DiscussionInsightful

Advice Line with Eric Ryan of Method returns

How I Built This with Guy Raz40m 18s

Eric Ryan, co-founder of Method and now a venture investor at Greycroft, joins Guy Raz to advise three early-stage founders on brand building, marketing, and fundraising strategy. The callers pitch an allergen-free fragrance brand, a customizable kids' flip-flop company, and an illuminated crystal jewelry line. Eric emphasizes brand-building over product novelty and community over capital-raising as recurring themes.

Summary

The episode opens with Guy Raz introducing Eric Ryan, who has recently transitioned from serial entrepreneurship to venture investing by joining Greycroft and launching a new $150 million consumer-focused fund. Eric reflects on the shift from being a founder who 'gets sacked' to playing the role of coach and investor. He discusses the current investment climate for consumer packaged goods (CPG), noting that a wave of tech money entering the space around 2020-2021 inflated valuations and encouraged unsustainable growth, leading to a market reset. He argues the reset creates a good entry point for disciplined consumer investing, and that finding brands capable of reaching $100-200 million in revenue is the key challenge.

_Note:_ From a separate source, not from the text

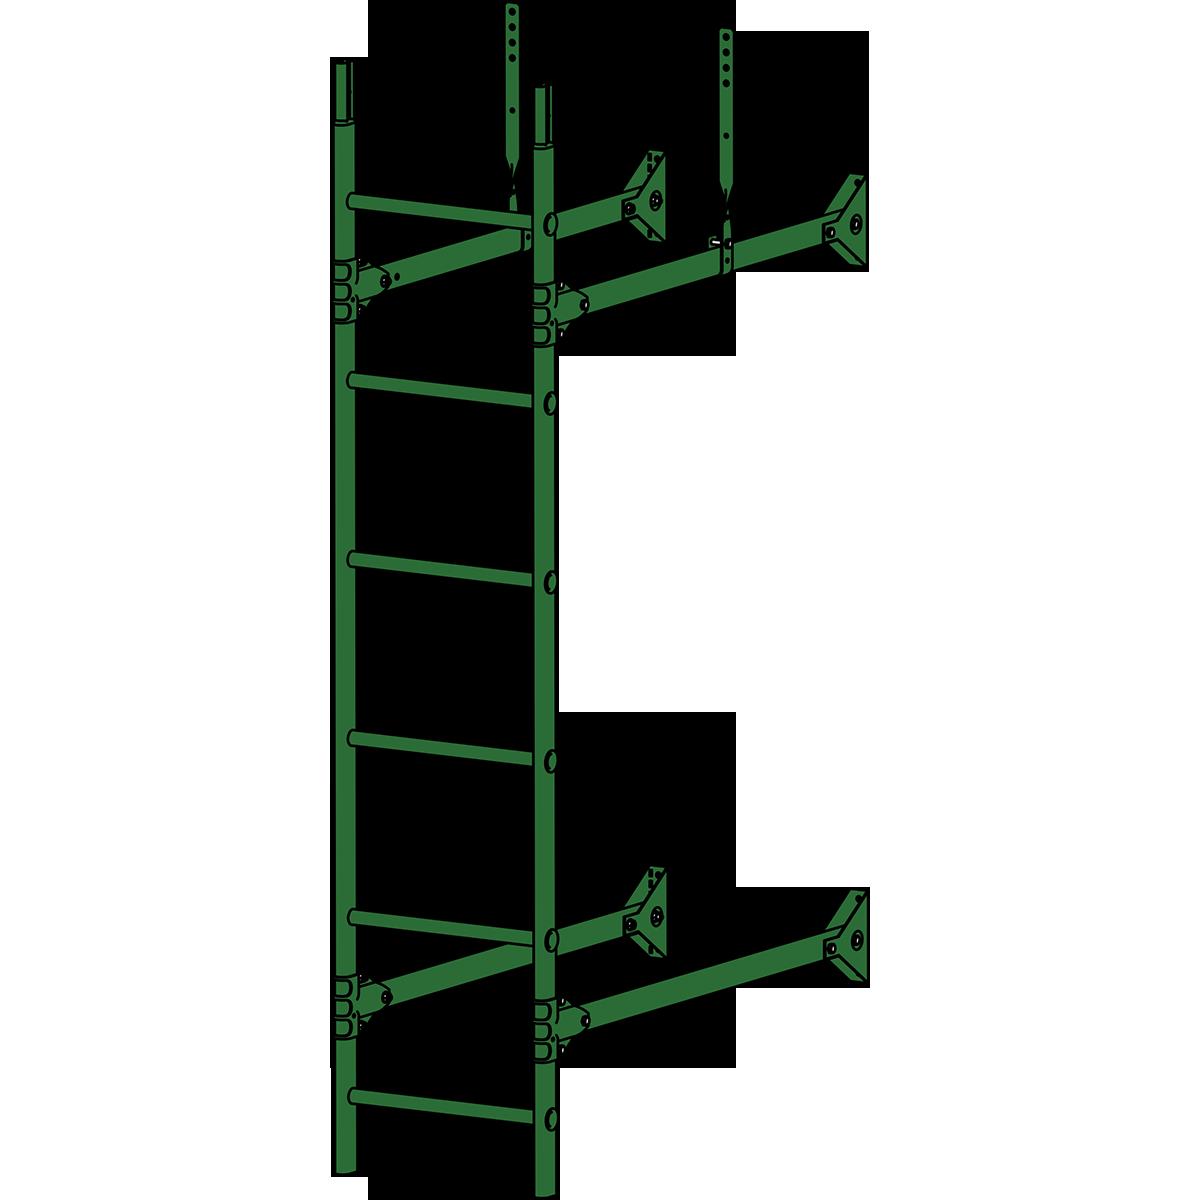 Лестница стеновая ROOFSYSTEMS PRESTIGE ZN 3м RAL 6002 Зеленый лист

The first caller, Christina Pang, founder of Haven Beauty in San Diego, presents a fine fragrance and skincare brand formulated without the 82 known fragrance allergens, targeting the estimated 30+ million Americans with eczema and 100+ million who identify as having sensitive skin. Her core challenge is re-educating consumers—and even dermatologists—who have been trained to avoid fragrance entirely. Eric advises her to pursue a dual-audience strategy: appeal broadly to consumers seeking 'better for you' fragrances while also serving those with genuine allergies. He cautions against focusing exclusively on the allergy-specific audience, as re-education is a slow and difficult process. He also suggests positioning Haven not just as a brand but as the creator of a new category—'allergen-free fragrance'—and recommends pitching to retailers like Ulta around building a dedicated category destination. Guy adds that clinical studies and dermatologist endorsements could significantly bolster consumer trust.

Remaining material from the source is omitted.